By Ann Saphir
(Reuters) -U.S. President Donald Trump arrived at the Federal Reserve’s headquarters in Washington on Thursday to tour the site of a $2.5 billion renovation of two historical buildings the White House criticizes as overly costly and ostentatious, as tensions escalate between the administration and the independent overseer of the nation’s monetary policy.
The rare presidential visit to the Fed is happening less than a week before the central bank’s 19 policymakers gather for a two-day rate-setting meeting, where they are widely expected to leave the U.S. central bank’s benchmark interest rate in the 4.25%-4.50% range. Trump has demanded that the Fed lower rates by 3 percentage points.
Trump has repeatedly demanded that Fed Chair Jerome Powell slash U.S. interest rates and has frequently raised the possibility of firing him, though the president has said he does not intend to do so.

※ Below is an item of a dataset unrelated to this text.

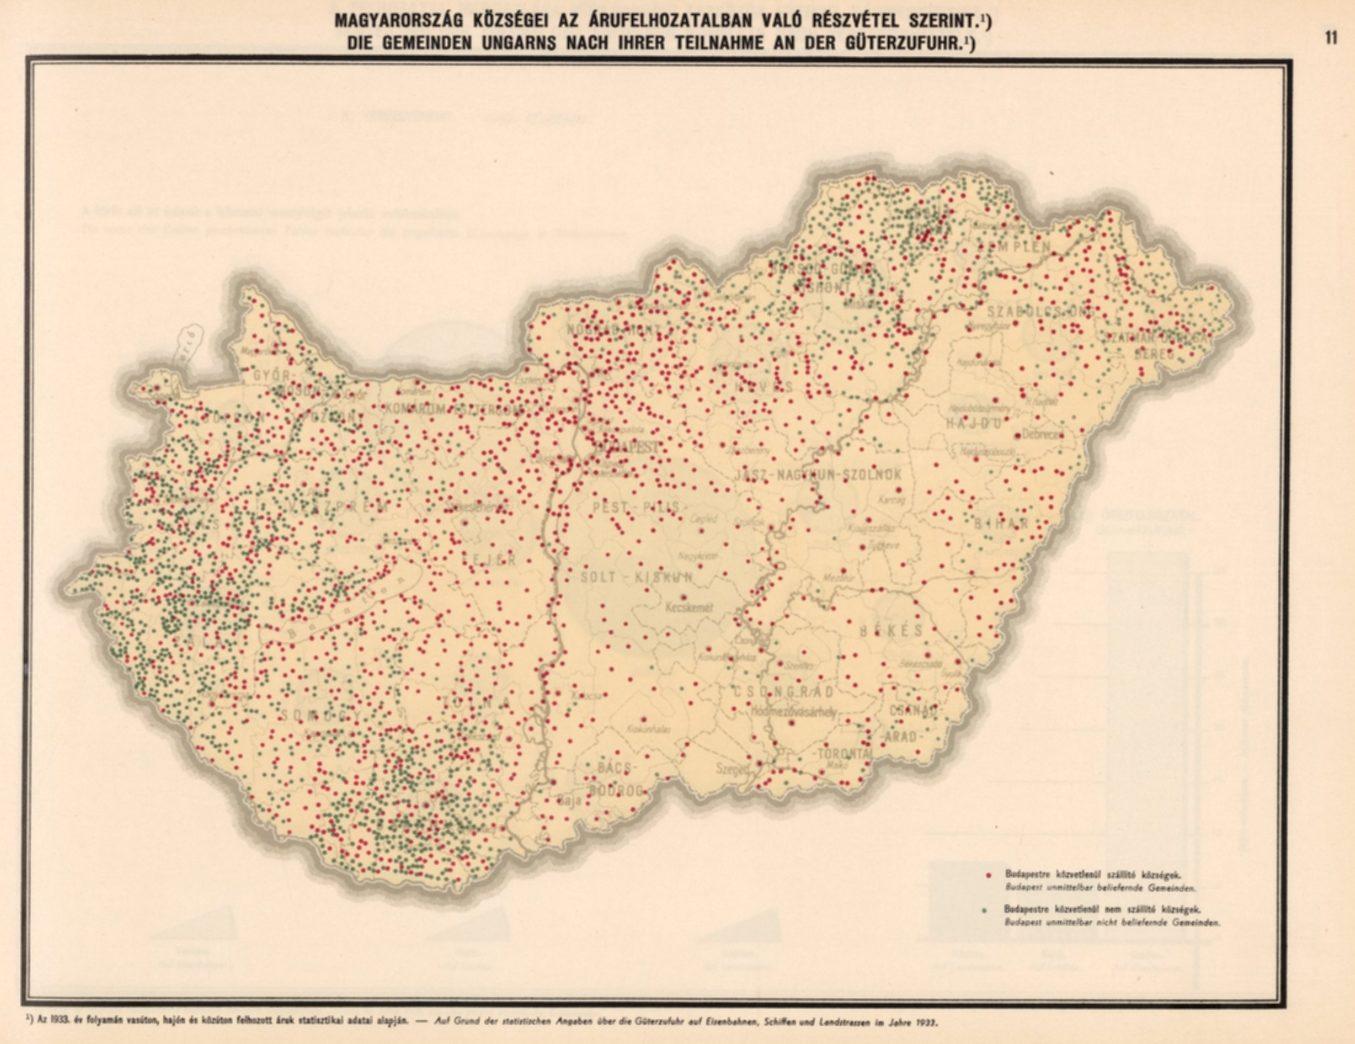 Lajos Illyefalvi Map Hungary Budapest

On Tuesday, Trump called the Fed chief a “numbskull.”
“I’d love him to lower interest rates,” Trump said during the visit on Thursday, as Powell stood by, his face expressionless.
Powell typically spends the Thursday afternoon before a rate-setting meeting doing back-to-back calls with Fed bank presidents as part of his preparations for the session.

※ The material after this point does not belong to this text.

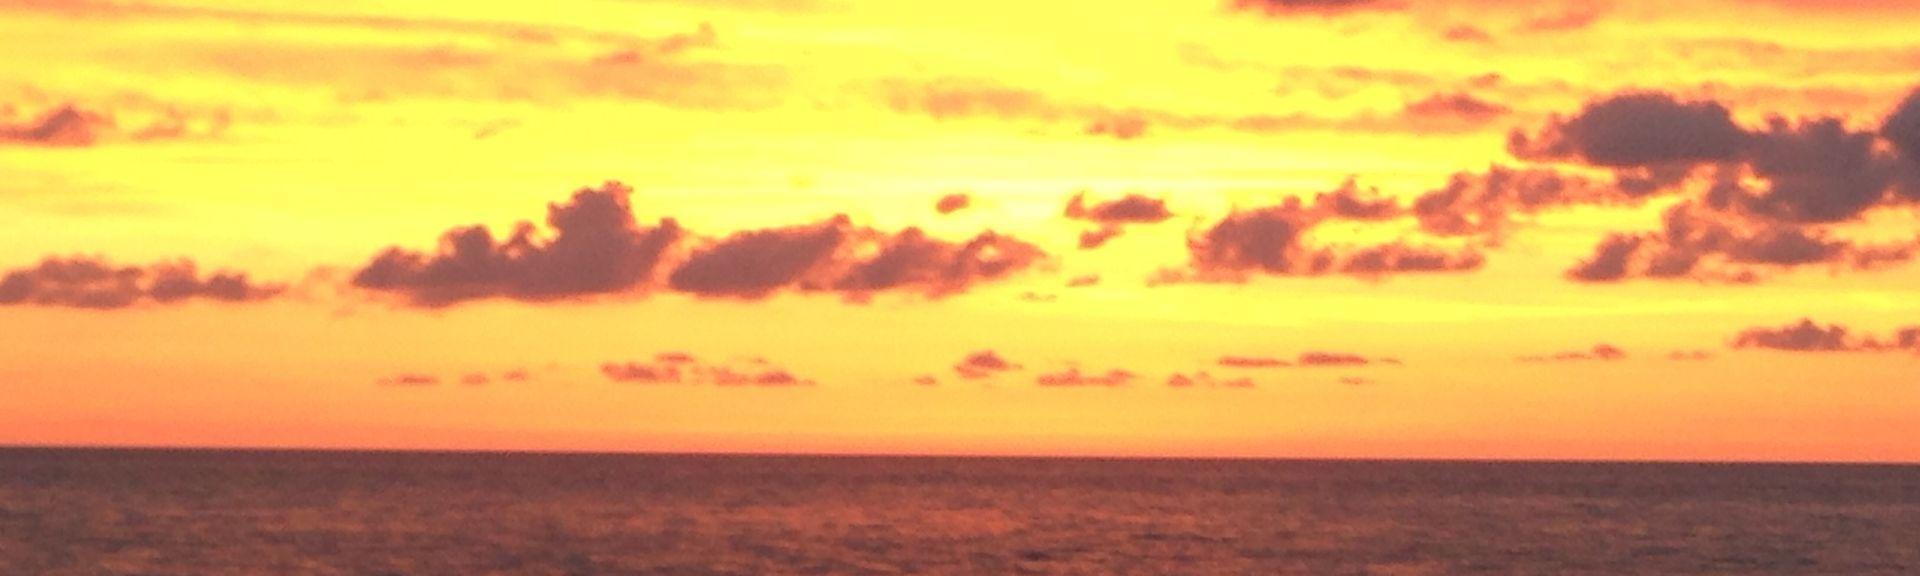 Naples Bay, Naples, Flórida, Estados Unidos

Elevated by Trump to the top Fed job in 2018 and then reappointed by former President Joe Biden four years later, Powell last met with Trump in March when the Republican president summoned him to the White House to press him to lower rates.

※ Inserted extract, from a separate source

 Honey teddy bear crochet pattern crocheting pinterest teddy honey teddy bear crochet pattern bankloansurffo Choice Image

The visit is taking place as Trump battles to deflect attention from a political crisis over his administration’s refusal to release files related to convicted sex offender Jeffrey Epstein, reversing a campaign promise. Epstein died in 2019.
White House officials have ramped up Trump’s pressure campaign on Powell in recent weeks, accusing the Fed of mismanaging the $2.5 billion renovation of two historic buildings in Washington and suggesting poor oversight and potential fraud.
White House budget director Russell Vought has pegged the cost overrun at “$700 million and counting,” and Treasury Secretary Scott Bessent called for an extensive review of the Fed’s non-monetary policy operations, citing operating losses at the central bank as a reason to question its spending on the renovation.
Those losses stem from the mechanics of managing the Fed’s policy rate to fight inflation, which include paying banks to park cash at the central bank. The Fed reported a comprehensive net loss of $114.6 billion in 2023 and $77.5 billion in 2024, a reversal from years of big profits it turned over to the Treasury when interest rates – and inflation – were low.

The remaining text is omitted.